Я не ответил. Если честно, после встречи с эльфом мне стало нравиться смотреть на женщин. На взрослых женщин. В мечтах я иногда представлял их голыми. Но в мозгу они почему-то часто превращались в маму. Я ненавидел ее. Когда я вернулся после убийства Федора, она очень разозлилась. Оказывается, она вернулась сегодня раньше и не нашла меня.

- Сегодня не было клиентов, и я пришла раньше. А тебя, ублюдок, на месте не было. Я тебе что приказал сделать? Убрать на кухне. Ты убрал? Нет.

Она всячески обзывала меня, пока била. А потом раздела догола, схватила рукой пипиську и стала давить и щипать. Было очень больно. Хотя я уже взрослый, я плакал и умолял ее перестать. Но мне казалось, что она злится не потому, что я не убрал на кухне, а потому, что сегодня не было клиентов. Я не знаю, что это значит. Брат сказал, что имеются в виду не клиенты парома. А папа в ответ на мой вопрос промолчал. Наверно, мама работает где-то еще.

Я решил не называть ее больше мамой. Моя настоящая мама обязательно где-то ходит. И пусть я никогда ее не встречу, мысленно я буду называть "мамой" именно ее. Эту же женщину, из-за которой мои нервы словно птицы, словно натянутые струны гитары, словно прячущиеся в норах мыши, я стану называть греховной теткой. Потому что глубоко внутри меня ее постоянные голые походы казались грехом.

И мне бы очень хотелось, чтобы моей мамой была именно та женщина, которая стояла сейчас передо мной. И была она совершенно обнажена. При этом не вызывала того, что та греховная тетка, которую я имел наглость, глупость и нерадость именовать "мамой", называла греховным желанием.

Я согласился выйти из воды. Вернее, из тины. Выйти, чтобы предстать перед этой женщиной как есть. Именно таким, каким меня нашли в капусте. Неприкрытым, голым.

- Отвернись, - попросил ее я. - Мне немного стыдно.

- Совсем немного? - спросила она, но отвернулась.

- Да, я привык быть голым. Мама... греховная тетка постоянно наказывала меня наготой. Теперь быть голым у меня ассоциируется с наказанием. Хотя рядом с тобой моя голость не кажется такой противной.

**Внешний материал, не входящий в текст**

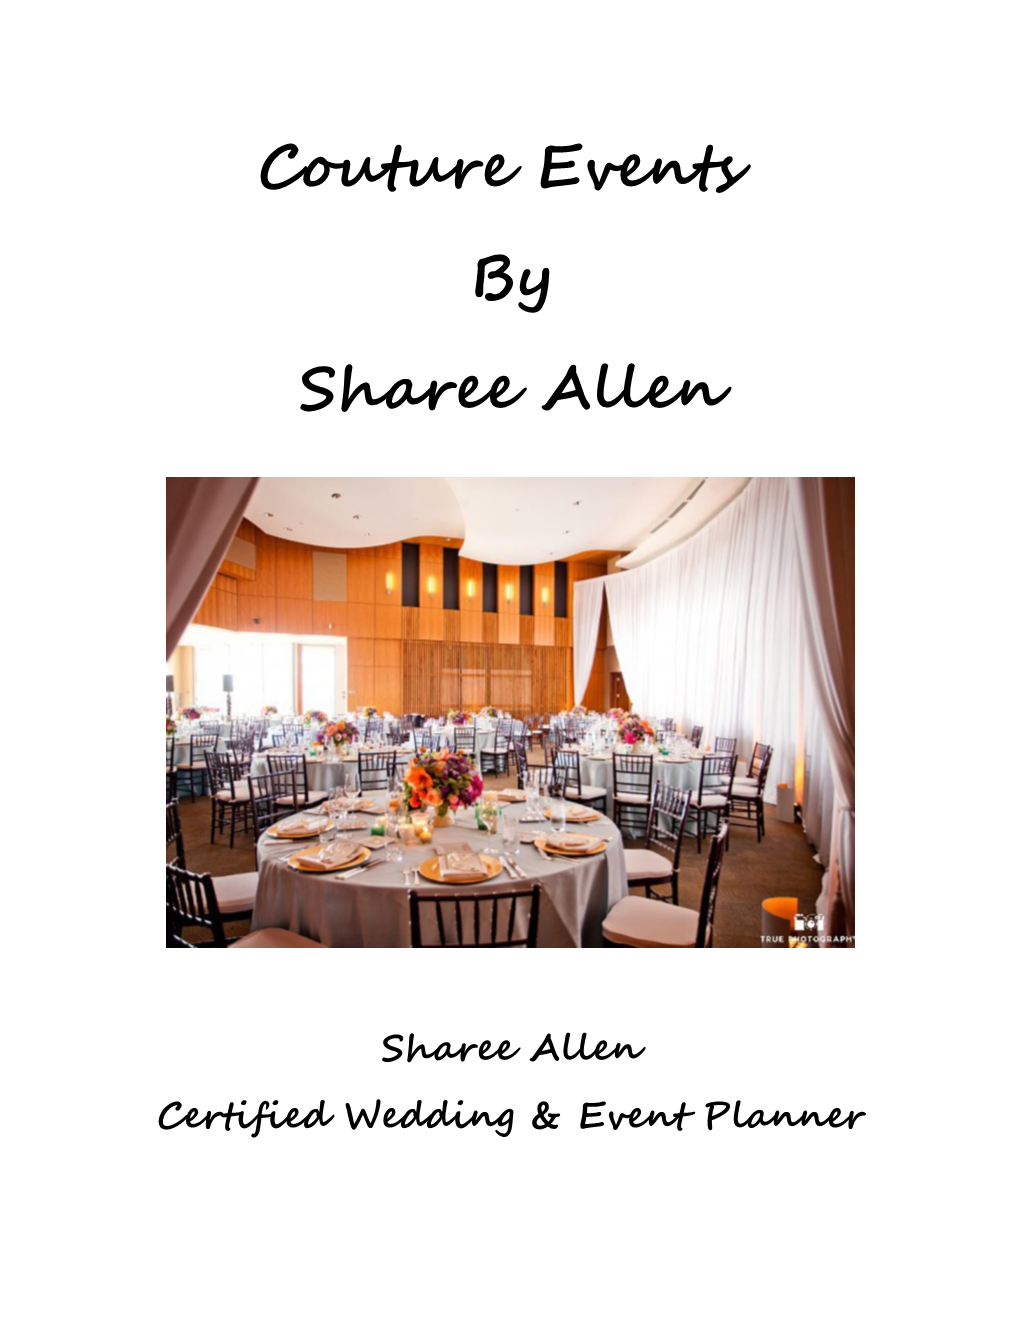 Certified Wedding & Event Planner

- Послушай, ты говоришь, как взрослый. Кто тебя учил так говорить?

- Федор, - признался я. - Он был моим единственным другом.

- Федор? - переспросила она. - Может, я знаю его. Как его фамилия.

- Федор - собака. Я разговаривал с ним. Долго. И он всегда понимал.

- И где он теперь? - опять спросила она, словно на допросе.

- Я убил его. Он хотел съесть эльфа.

- Ты странный, - призналась она, оборачиваясь. - Ты видел эльфа, говорил с собакой, ведешь себя, словно взрослый. Сколько тебе лет?

- Очень мало, - ответил я, выходя из реки. - Я только недавно был выпущен из капусты.

- Ты - дитя эльфов? - спросила вновь она, без стеснения глядя на мое тело.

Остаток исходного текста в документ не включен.